(Stored items)
┌────────

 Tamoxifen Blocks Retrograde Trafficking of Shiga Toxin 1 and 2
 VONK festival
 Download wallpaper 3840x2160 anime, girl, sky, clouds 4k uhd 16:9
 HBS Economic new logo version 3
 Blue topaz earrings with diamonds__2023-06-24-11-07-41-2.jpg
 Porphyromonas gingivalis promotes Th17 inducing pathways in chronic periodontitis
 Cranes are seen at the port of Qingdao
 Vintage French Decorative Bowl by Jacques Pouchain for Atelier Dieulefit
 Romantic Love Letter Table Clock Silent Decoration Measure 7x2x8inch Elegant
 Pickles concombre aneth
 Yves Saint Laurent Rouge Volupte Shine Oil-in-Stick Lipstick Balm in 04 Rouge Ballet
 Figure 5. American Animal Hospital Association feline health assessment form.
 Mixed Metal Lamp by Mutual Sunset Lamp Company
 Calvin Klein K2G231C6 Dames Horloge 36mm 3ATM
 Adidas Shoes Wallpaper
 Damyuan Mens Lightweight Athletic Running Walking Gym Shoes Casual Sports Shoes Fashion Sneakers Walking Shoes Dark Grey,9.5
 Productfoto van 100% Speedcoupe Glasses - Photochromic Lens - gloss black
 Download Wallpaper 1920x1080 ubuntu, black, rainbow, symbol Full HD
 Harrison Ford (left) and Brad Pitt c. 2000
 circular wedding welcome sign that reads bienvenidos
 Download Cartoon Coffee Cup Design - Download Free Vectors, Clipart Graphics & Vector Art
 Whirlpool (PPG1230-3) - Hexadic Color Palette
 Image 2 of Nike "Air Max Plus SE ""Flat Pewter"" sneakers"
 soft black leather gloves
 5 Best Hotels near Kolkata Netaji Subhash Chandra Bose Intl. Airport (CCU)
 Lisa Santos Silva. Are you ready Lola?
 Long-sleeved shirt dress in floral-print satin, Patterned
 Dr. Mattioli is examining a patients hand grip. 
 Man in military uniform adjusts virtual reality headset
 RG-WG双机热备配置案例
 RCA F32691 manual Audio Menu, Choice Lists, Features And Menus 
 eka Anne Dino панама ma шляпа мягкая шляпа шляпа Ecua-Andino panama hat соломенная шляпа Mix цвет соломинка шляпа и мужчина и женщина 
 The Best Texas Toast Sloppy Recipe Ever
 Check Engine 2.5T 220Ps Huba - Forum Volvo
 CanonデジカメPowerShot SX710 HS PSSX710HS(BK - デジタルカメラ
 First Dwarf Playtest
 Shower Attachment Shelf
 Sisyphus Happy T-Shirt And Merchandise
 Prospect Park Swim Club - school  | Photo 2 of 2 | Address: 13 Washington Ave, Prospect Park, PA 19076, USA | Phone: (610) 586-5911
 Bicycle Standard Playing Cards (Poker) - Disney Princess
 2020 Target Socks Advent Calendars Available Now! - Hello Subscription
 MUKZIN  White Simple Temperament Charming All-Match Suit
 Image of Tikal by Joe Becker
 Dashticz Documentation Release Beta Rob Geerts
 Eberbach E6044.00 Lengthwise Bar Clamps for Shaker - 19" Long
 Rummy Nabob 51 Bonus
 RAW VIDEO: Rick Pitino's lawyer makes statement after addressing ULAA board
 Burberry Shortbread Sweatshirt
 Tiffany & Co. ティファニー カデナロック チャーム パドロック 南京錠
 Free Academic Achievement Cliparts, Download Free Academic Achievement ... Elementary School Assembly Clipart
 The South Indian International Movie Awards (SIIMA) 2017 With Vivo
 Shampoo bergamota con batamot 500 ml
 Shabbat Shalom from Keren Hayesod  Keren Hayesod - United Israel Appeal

└────────

All lines above from the one containing "Cranes are seen at the port of Qingdao" to the one containing "Yves Saint Laurent" must be repeated exactly, both lines included, and no others.

 Cranes are seen at the port of Qingdao
 Vintage French Decorative Bowl by Jacques Pouchain for Atelier Dieulefit
 Romantic Love Letter Table Clock Silent Decoration Measure 7x2x8inch Elegant
 Pickles concombre aneth
 Yves Saint Laurent Rouge Volupte Shine Oil-in-Stick Lipstick Balm in 04 Rouge Ballet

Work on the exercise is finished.